If AI Writes the Code, Does Anyone Need to Understand It?

A pragmatic framework for deciding when human comprehension still matters

A question keeps surfacing in conversations with developers, CTOs, and tech leads: if AI is writing most of the code now, why should humans bother understanding it?

It's not a ridiculous question. The numbers are striking — 41% of all code is now AI-generated or AI-assisted.
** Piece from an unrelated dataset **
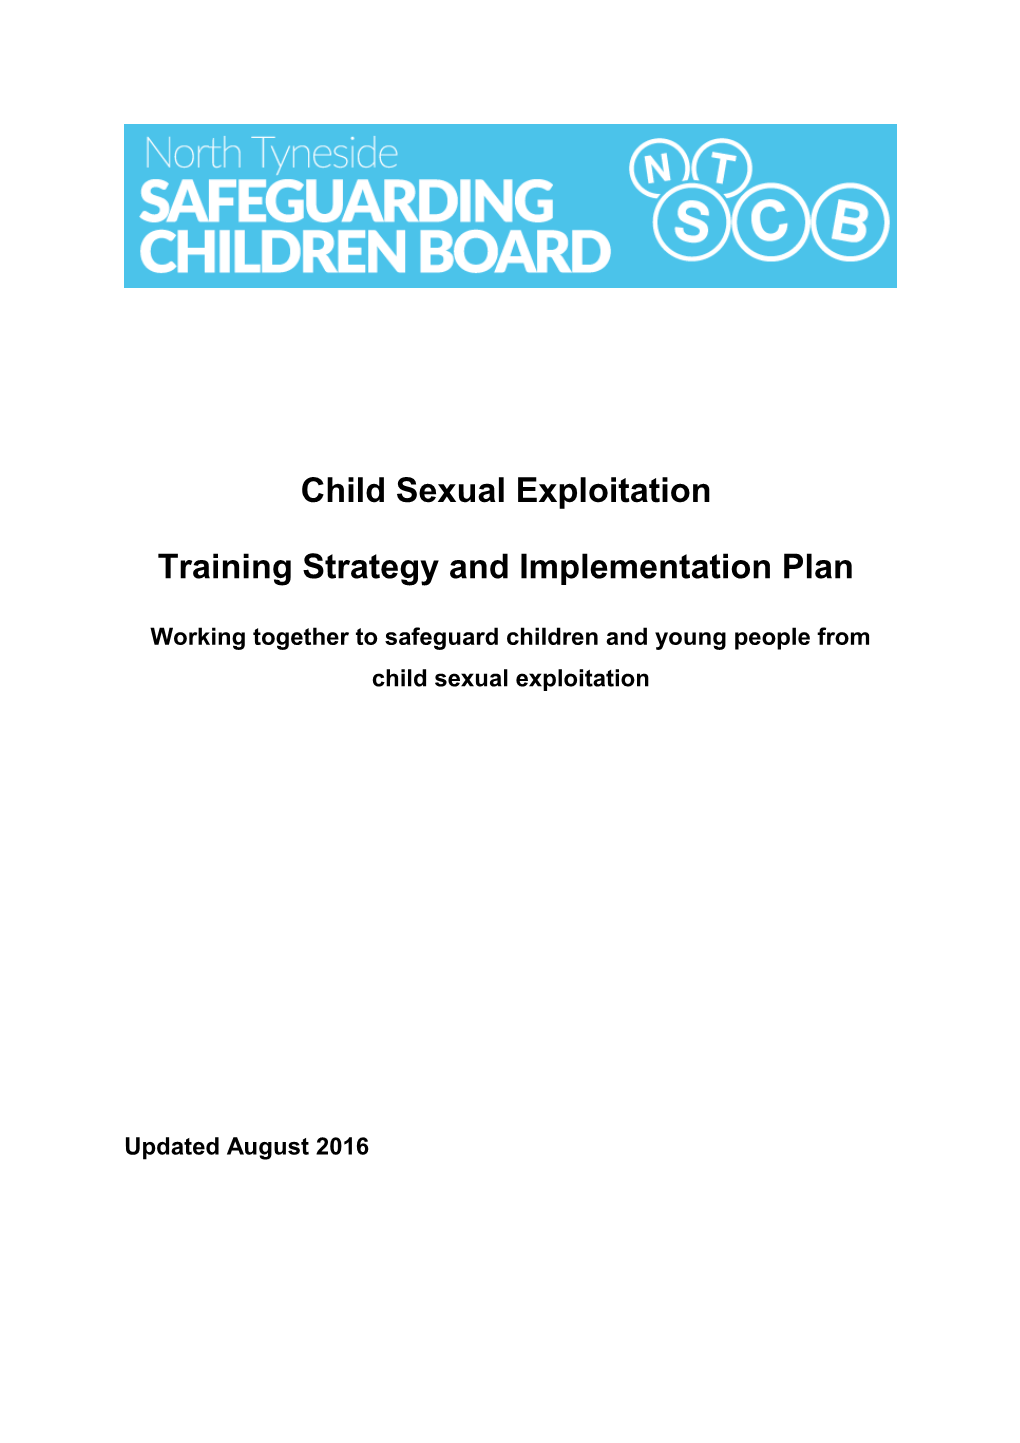 Training Strategy and Implementation Plan

Microsoft and Google report that roughly a quarter of their code comes from AI. Anthropic's CEO predicted that 90% of code would be AI-written by the end of 2025. Tools like Cursor, Copilot, and Claude Code have moved from novelty to daily workflow for most developers.

The pitch is seductive: describe what you want in plain English, let AI write the implementation, ship it. Why spend years learning syntax when you can just ask for what you need?

At Skelpo, we use AI extensively. It's transformed how quickly we can move from idea to working software. But we also build finance applications. And there's code in those systems that no AI touches without a human understanding exactly what it's doing — and why.

That tension — between velocity and vigilance — is what this article explores. Not a blanket answer, but a framework for thinking about when human code comprehension still matters, and when it might not.

The 70-Year Journey Toward Human-Readable Code

Programming languages exist because humans couldn't work with machine code.

In the 1940s, early computers like ENIAC were programmed using binary — raw sequences of ones and zeros that the processor could execute directly. It worked, technically. But writing binary by hand was tedious, error-prone, and nearly impossible to debug. A single misplaced digit could break everything, and finding the mistake meant scanning walls of numbers.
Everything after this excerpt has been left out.